As an investigative journalist at Workday Minnesota, you don’t have time to process. You interview people, go through documents and realize how bad it is, but it’s still months before you publish. Holding that pain is a difficult part of the work.

— Filiberto Nolasco Gomez

Filiberto Nolasco Gomez, in his Minneapolis home, January 23, 2020 • Photo: Eric Mueller

Chicano Childhood in 1990s California

My parents were immigrants, naturalized by the time I was born in 1982. Growing up working class in Montebello, east of LA, we had the drug and gang presence, but what was most traumatic was the massive shift in school funding in California. One year we had music and art, and the next year it was all gone. We got moved to bungalows. They cut everything.
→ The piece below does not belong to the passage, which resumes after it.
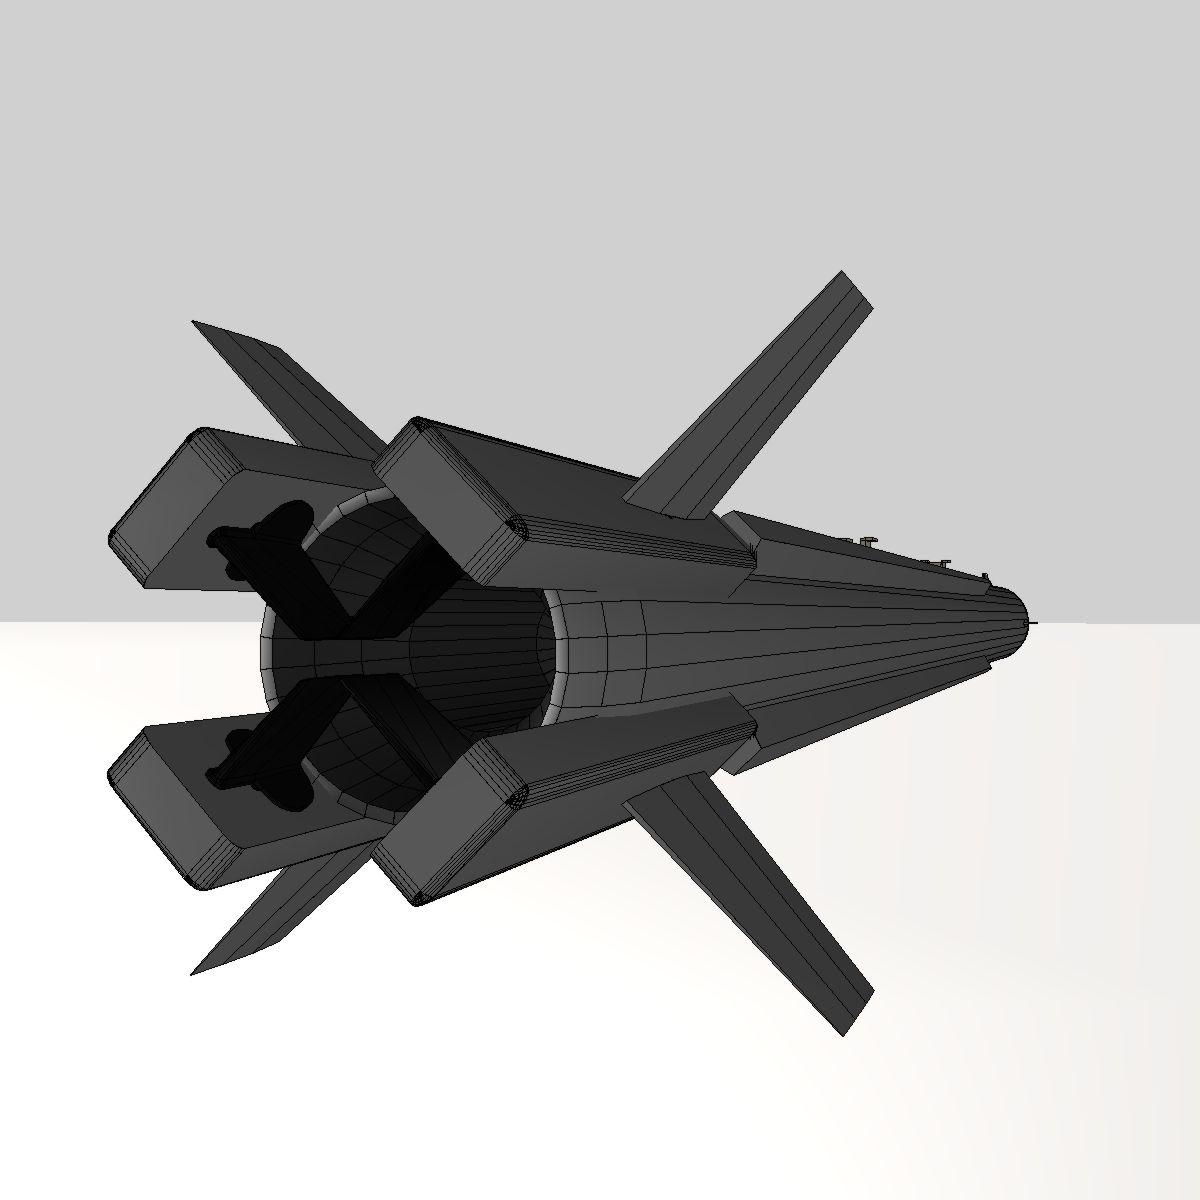 a-darter air-to-air пуужин 3d загвар 3ds dxf cob x obj 151889

In the 1990s, California passed Prop 187, which would have denied government programs like education and social services to undocumented folks.  It passed with 2/3 of voters supporting it, but was never implemented. Federal courts found it unconstitutional. I just heard an interview with Pete Wilson, Governor of California at that time, claiming there was nothing racist about the ballot initiative. As a kid I had no concept of citizenship. What I did understand was that Prop 187 was targeted at me and every other Mexican I grew up with in Montebello.

With his sister

 

Colorism in Montebello California

Montebello is 75% Latinx. There, notions of race were not about phenotype, but about class and skin color. Those who were darker skinned, more recent immigrants, those who did not have an education, those who worked the lowest paying jobs were called “wetbacks.” There were people of color who had positions of authority and money, who were the police officers, bankers and local politicians. My bullies were not white people. They were wealthier Brown people, like State Representative Ron Calderon, convicted of corruption in 1994. We always knew he and his powerful family were shady, and oppressive, taking advantage of us. As a result, I grew up understanding whiteness not as a color, but as an attitude, a willingness to exploit people for your own interest.

High School Prom

 

First Generation College Student

I was the first in my family to go to college. Pitzer College in Claremont, is like Macalester: white, liberal, elite, with a level of entitlement that I just didn’t understand. We didn’t talk about white supremacy in my classes in 2000.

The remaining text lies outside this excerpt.